Conclusion and future work
Research studies on based disease networks have significantly advanced over the last decade. From the initial simple undirected networks that associated diseases with symptoms or genes in a way, we have moved to complex networks that relate the disease to dozens of features from different sources in a semantic, directional and weighted way. The growing availability of biological and textual sources, the improvement in techniques and processing capacity and the use of new models have contributed fundamentally to this progress. As can be concluded from the analysis in the first part of the document, the contribution of disease networks to fields of disease understanding and drug repositioning is increasingly notable.

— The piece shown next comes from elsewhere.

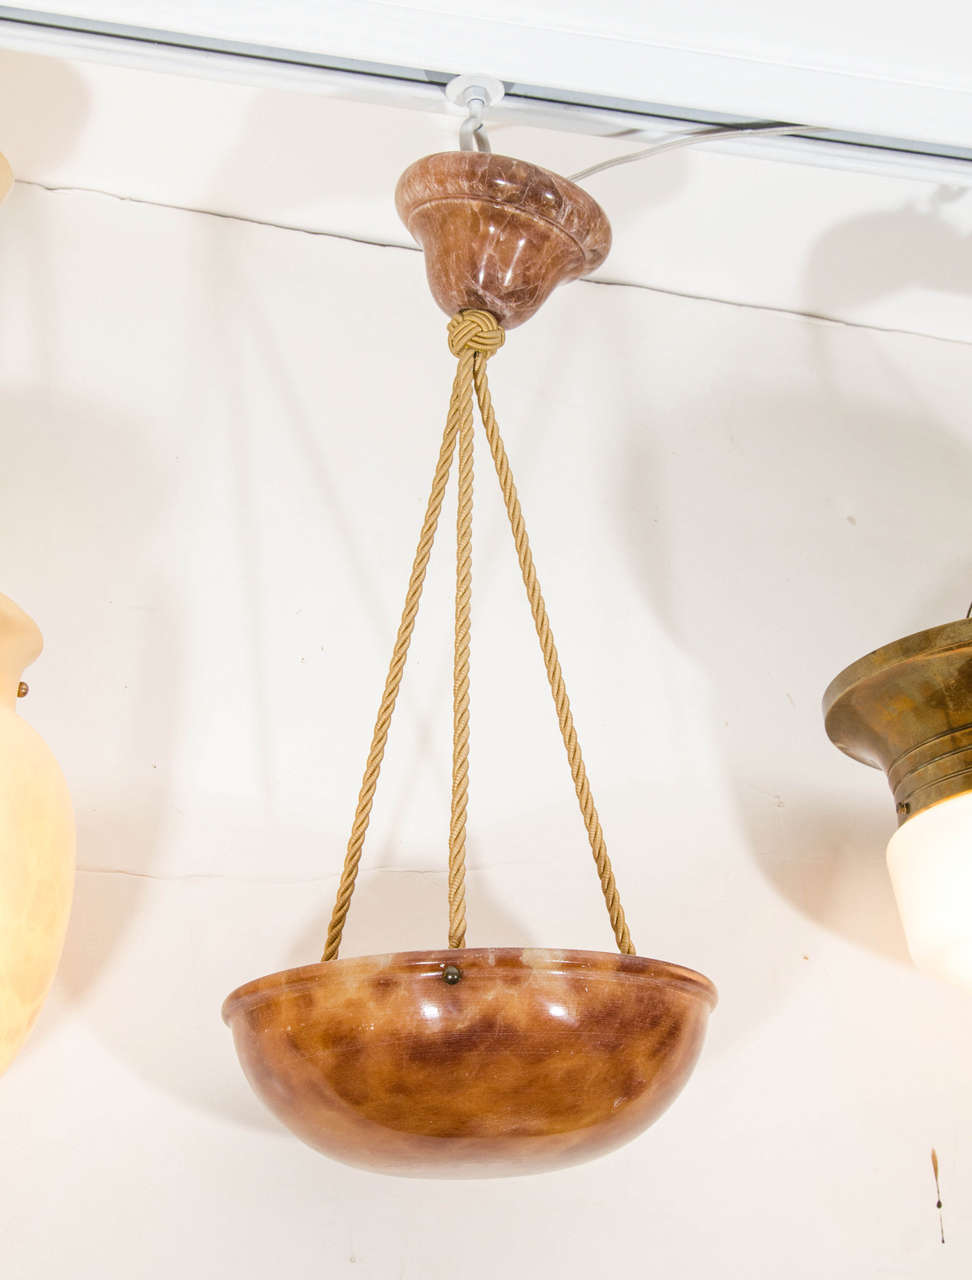 A Classic shape, the tortoise-toned alabaster glows from its satiny finish and its one 60 watt equivalent LED bulb. Recently rewired with three electrified ropes, the fixture features a matching alabaster canopy.

Custom rewiring to your specified

Nevertheless, an exhaustive analysis of the phases in the process of creating disease networks carried out in the second half of the document reveals important challenges. First, biological sources suffer from fragmentation, heterogeneity, lack of availability and different conceptualization, that can only be alleviated in part with the aggregation of textual sources. Second, the combination of sources involves the introduction of noise that can affect the performance of the model, which makes it necessary to take preventive measures in this regard. Finally, the scarcity of reference data and verifiable studies hinders the validation of the new models.
In addition to detecting these challenges, the analysis of disease networks from the point of view of their functional units allows for a more precise comparison of studies, highlighting their differences and common points. This study and the presented analyses, reflected in the summary tables, can serve to inspire future work. For example, a performance comparison of the prediction models in the different studies might lead to deduce which functional units offer better results. In a next phase, based on the obtained results, alternative combinations of these functional units could be proposed to build new pipelines and obtain more precise models based on disease networks.
Funding
Horizon 2020 research and innovation programme under grant agreement No. 727658, project IASIS (Integration and analysis of heterogeneous big data for precisionmedicine and suggested treatments for different types of patients).
Conflicts of interest
Authors declare no conflict of interest.
Keypoints
Disease networks have proved to be an intuitive and powerful way to address arduous problems such as the improvement of our disease understanding or the repositioning of drugs.
Over the last decade, disease networks have evolved from initial simple and undirected homogeneous networks, to complex, semantic, directional and weighted heterogeneous networks.
Depite their increasing complexity, studies on disease networks share common phases that can be represented as functional units of a data science pipeline for a better analysis and comparison.
The heterogeneity and fragmentation of biological and textual sources, the noise introduced by their combination and the scarcity of validation datasets are some of the challenges discovered through this analysis.